-- Data supplied follows --
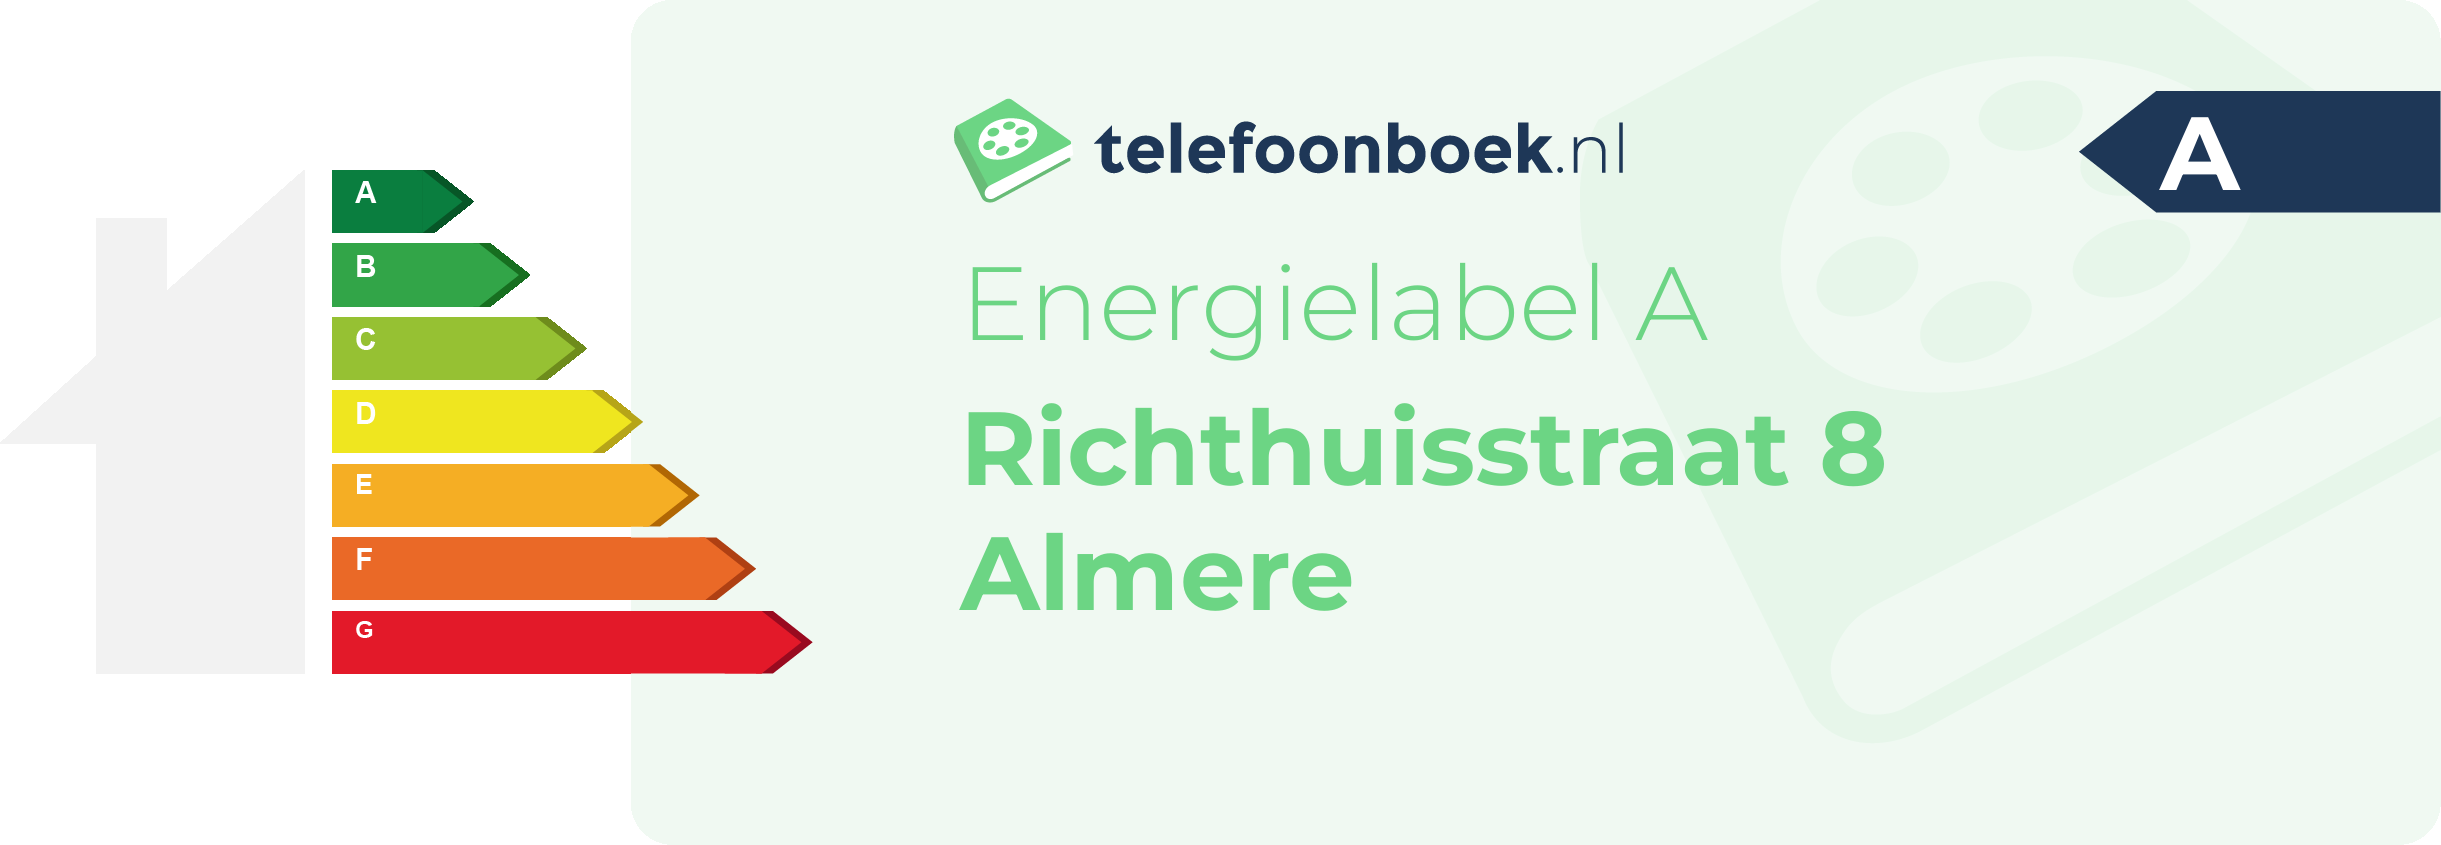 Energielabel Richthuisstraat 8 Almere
-- Data supplied concluded --
-- Data supplied follows --
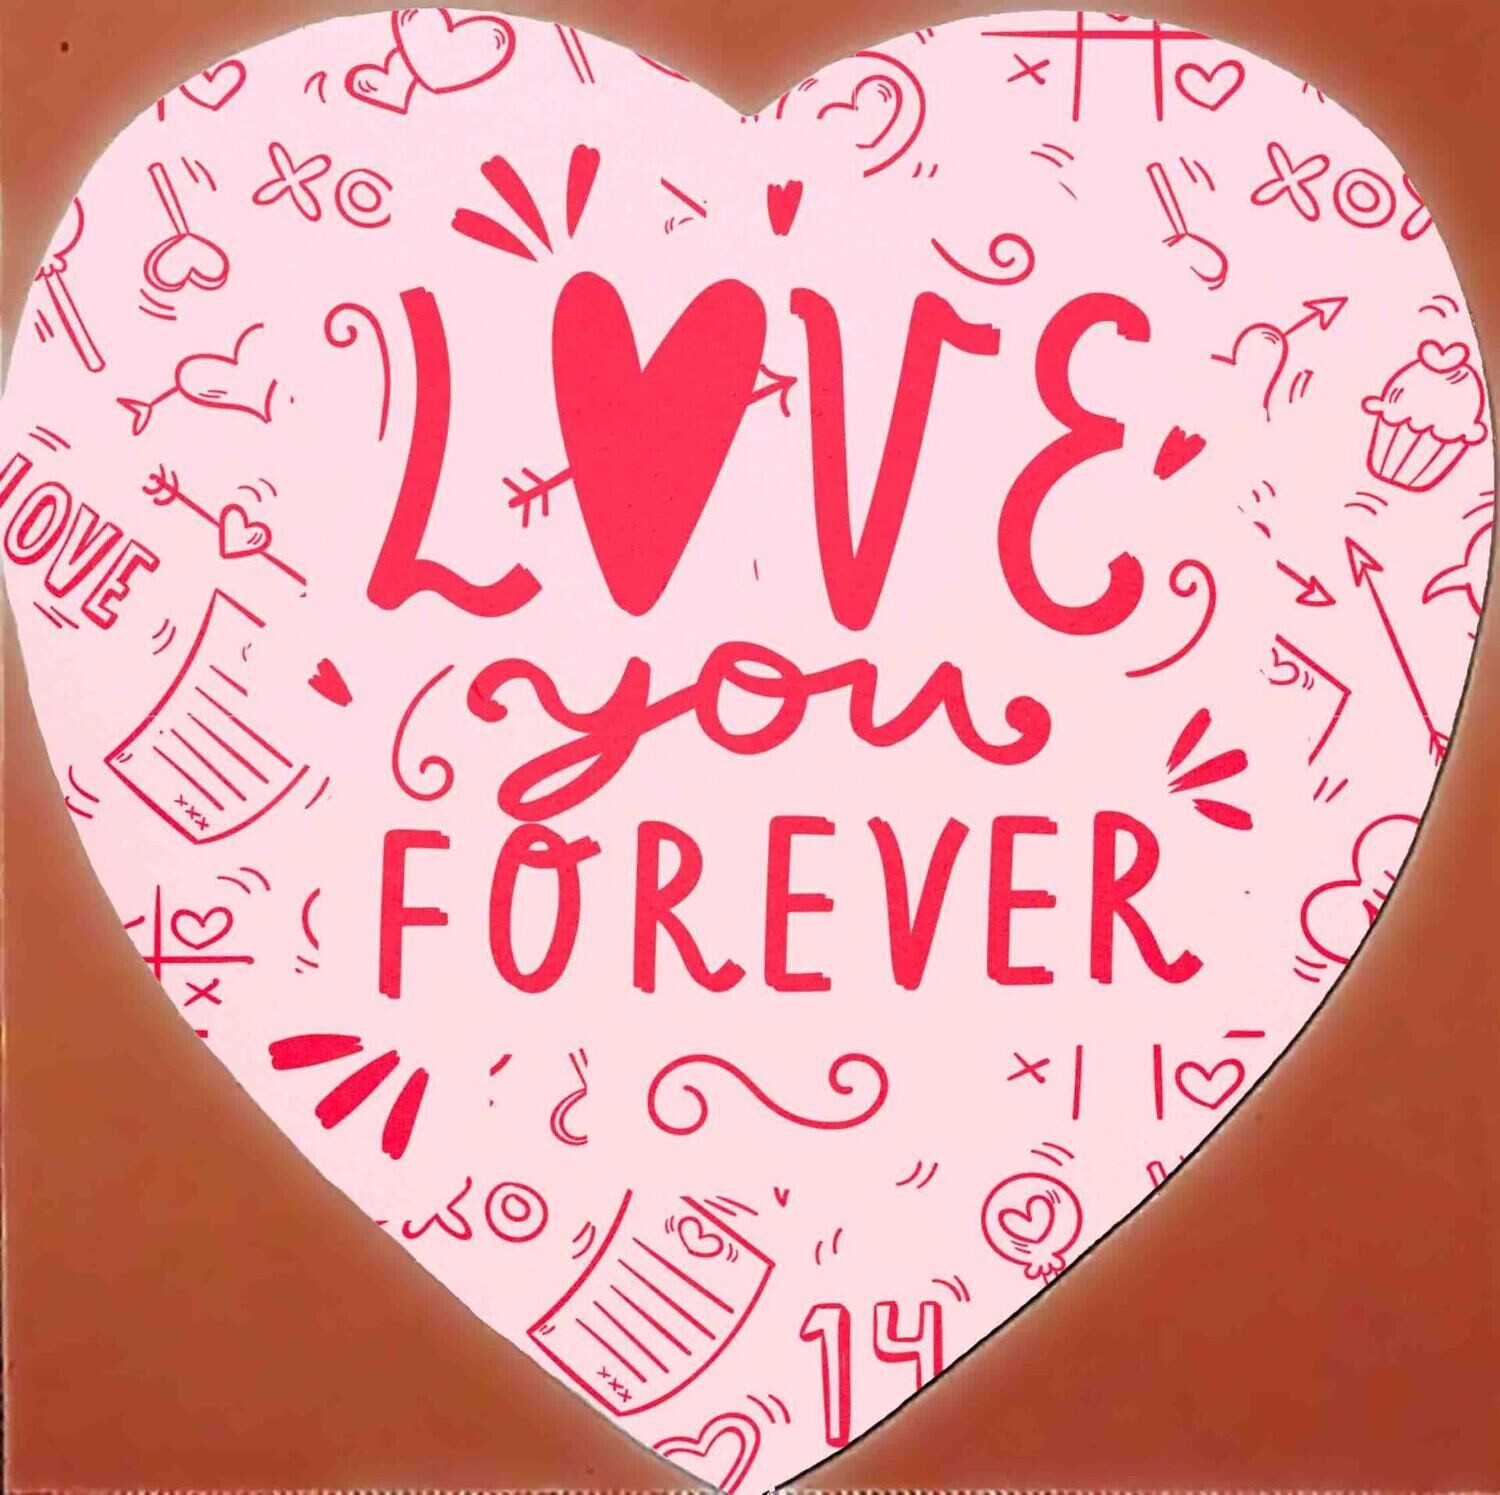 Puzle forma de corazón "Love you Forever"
-- Data supplied concluded --
-- Data supplied follows --
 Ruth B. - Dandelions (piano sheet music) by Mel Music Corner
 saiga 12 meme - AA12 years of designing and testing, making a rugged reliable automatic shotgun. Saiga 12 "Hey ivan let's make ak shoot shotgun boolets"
-- Data supplied concluded --
Aim of the exercise:
Please transcribe only the lines in the records above running from the line that has "Ruth B. - Dandelions" through the line that has "saiga 12 meme", both included, exactly as they appear.

Answer for this exercise:
 Ruth B. - Dandelions (piano sheet music) by Mel Music Corner
 saiga 12 meme - AA12 years of designing and testing, making a rugged reliable automatic shotgun. Saiga 12 "Hey ivan let's make ak shoot shotgun boolets"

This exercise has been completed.